Aim of the task
Pictures appear among the records below and must be omitted. Repeat exactly the lines from the line with "Rabeta Barco 2,0" to the line with "Rompere, il divorzio, la", both included.

━━━━━ Materials provided

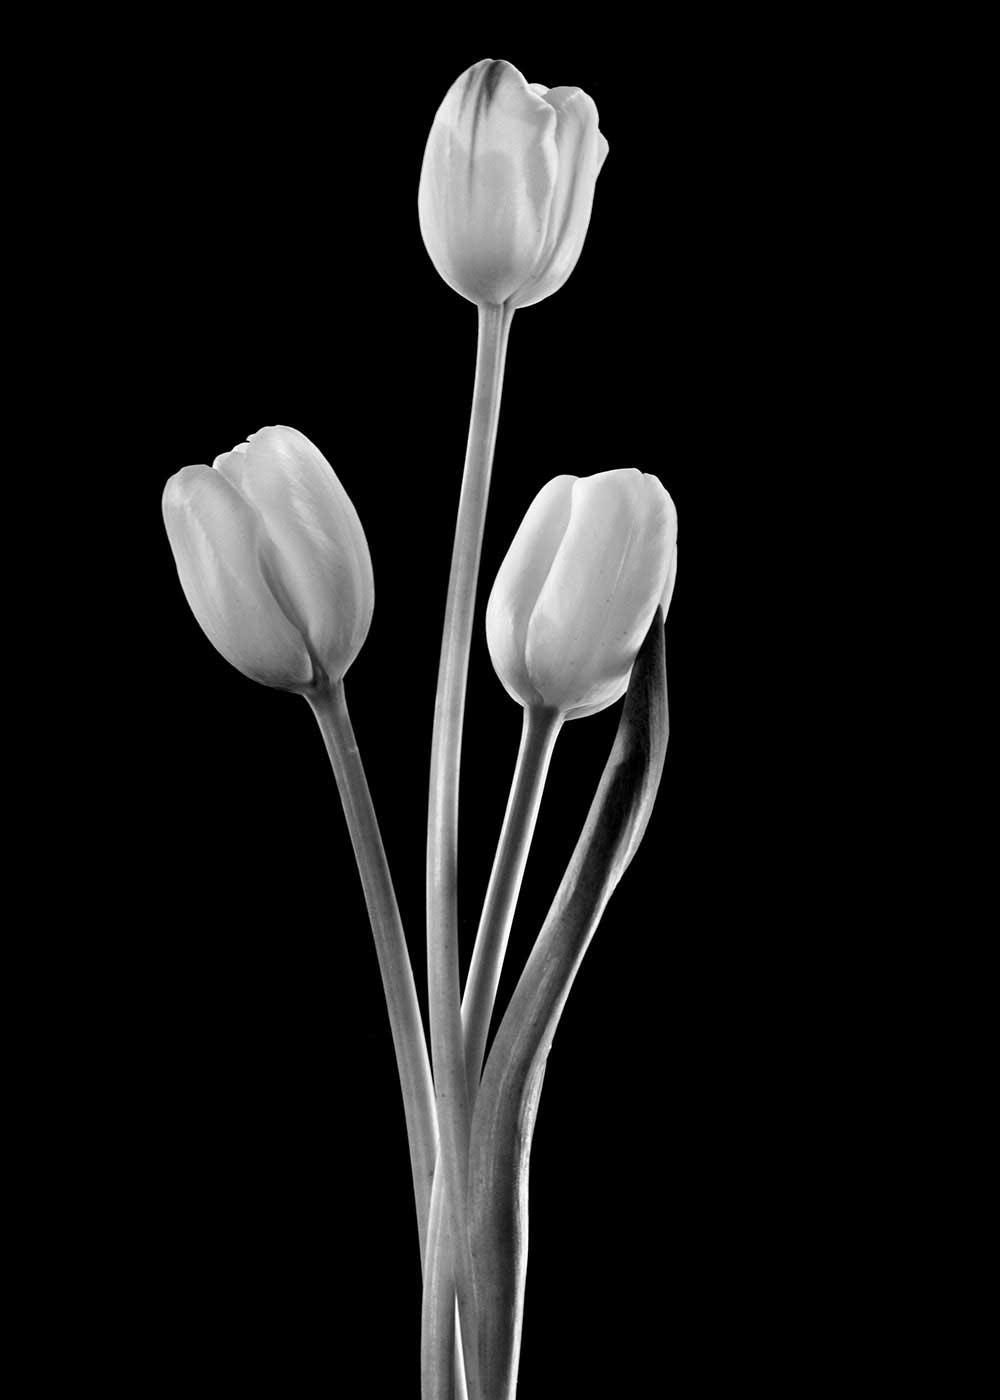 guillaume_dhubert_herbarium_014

━━━━━━━━━━
━━━━━ Materials provided

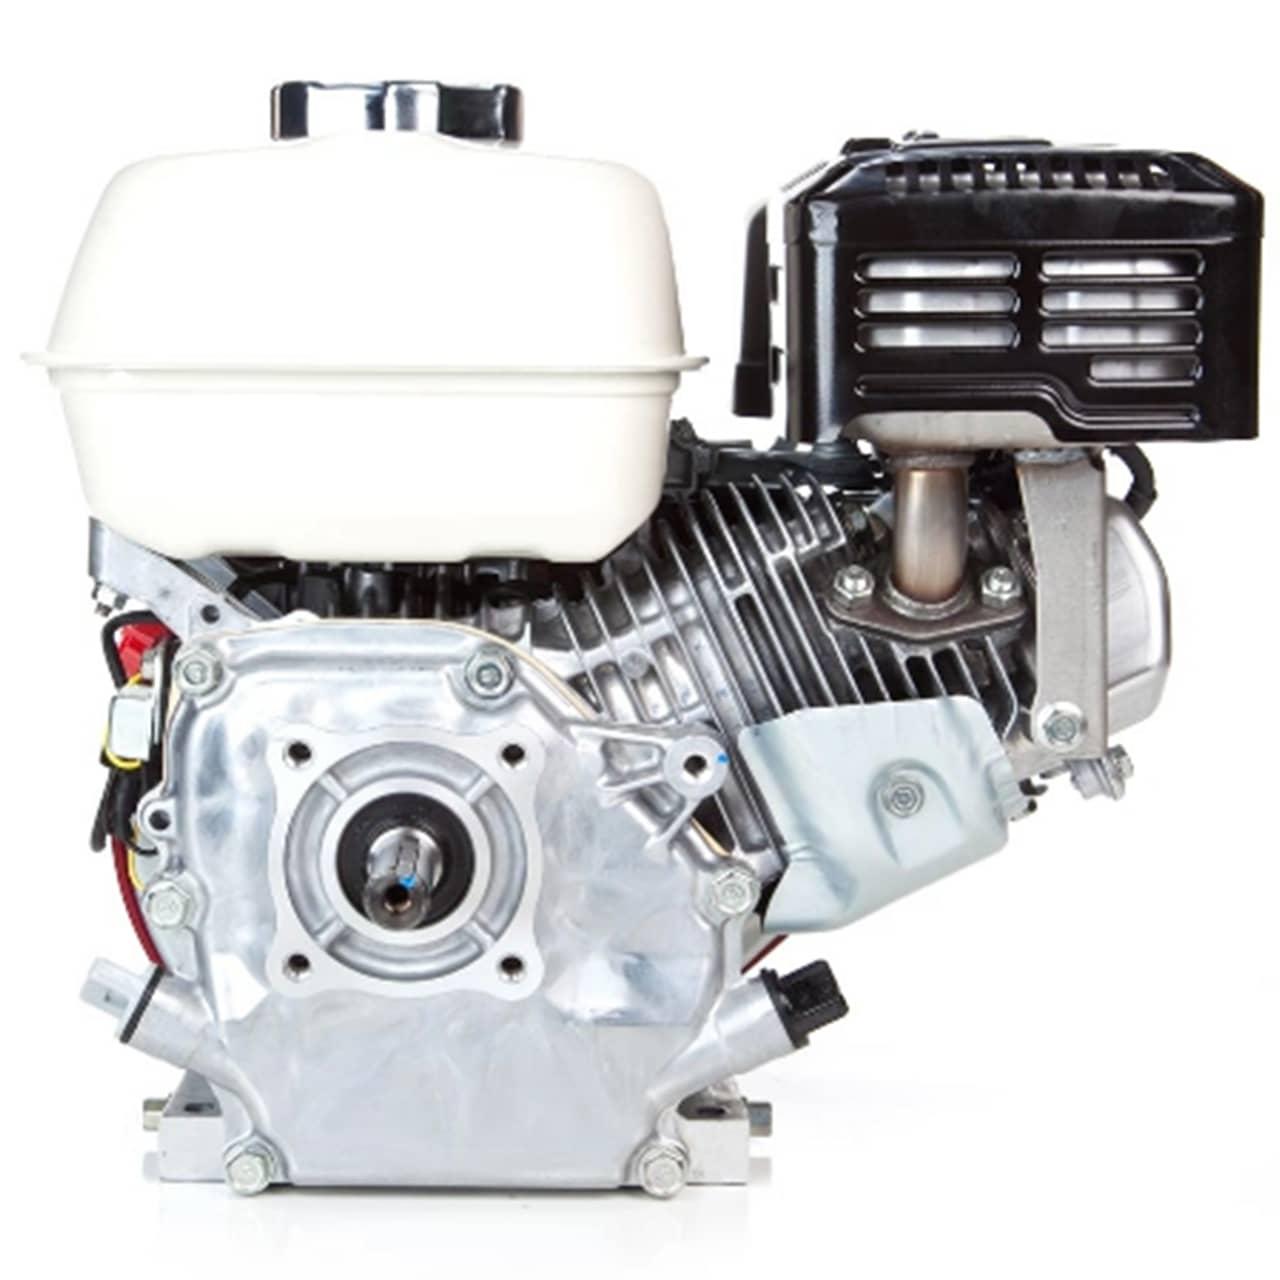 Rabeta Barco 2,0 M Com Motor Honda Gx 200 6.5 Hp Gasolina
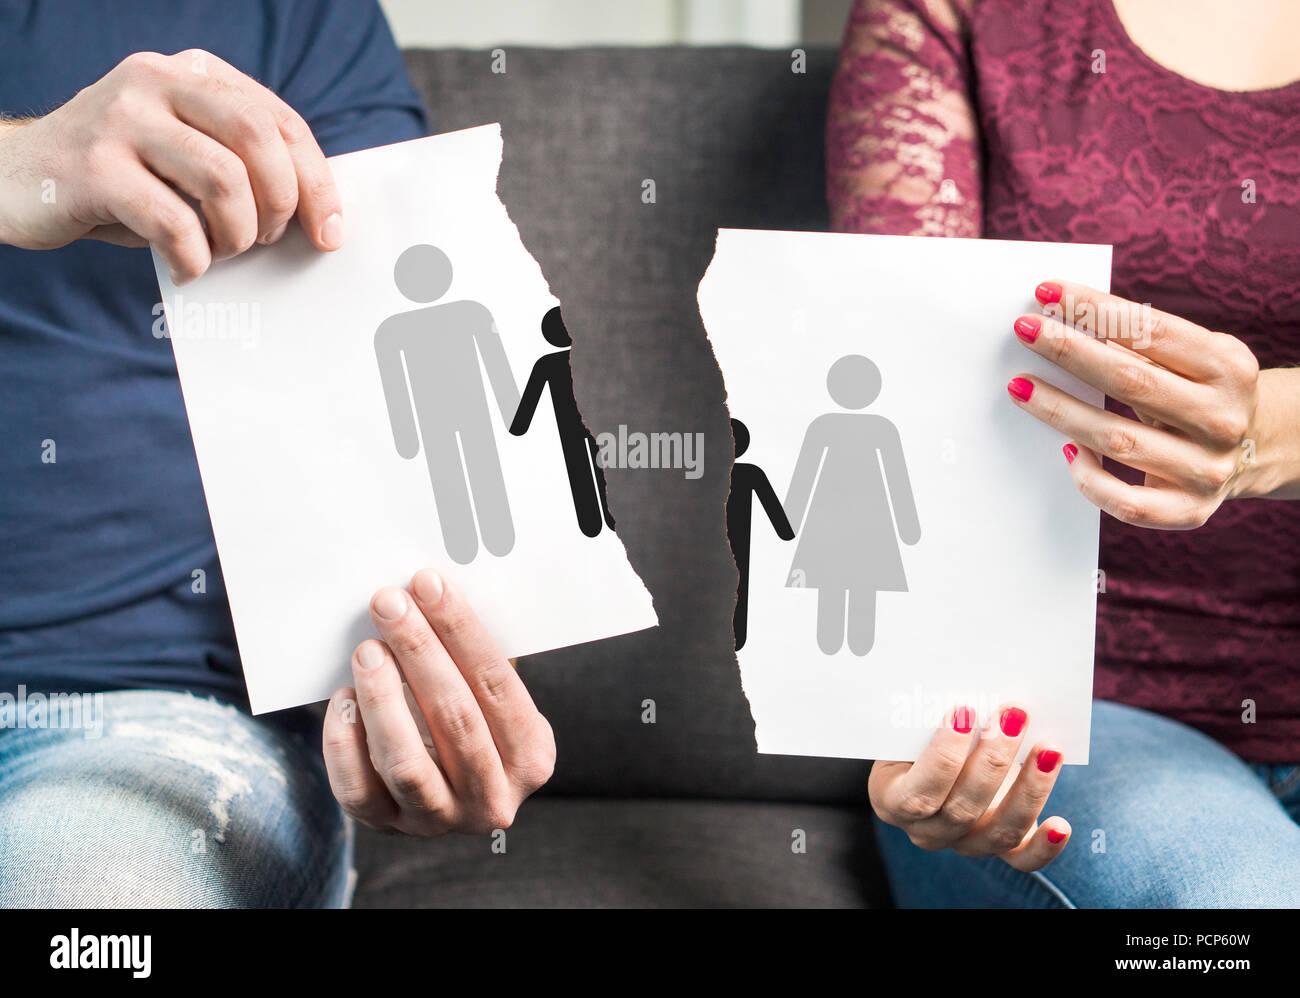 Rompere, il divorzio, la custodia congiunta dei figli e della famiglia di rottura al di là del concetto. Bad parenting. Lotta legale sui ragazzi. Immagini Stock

━━━━━━━━━━

Result
 Rabeta Barco 2,0 M Com Motor Honda Gx 200 6.5 Hp Gasolina
 Rompere, il divorzio, la custodia congiunta dei figli e della famiglia di rottura al di là del concetto. Bad parenting. Lotta legale sui ragazzi. Immagini Stock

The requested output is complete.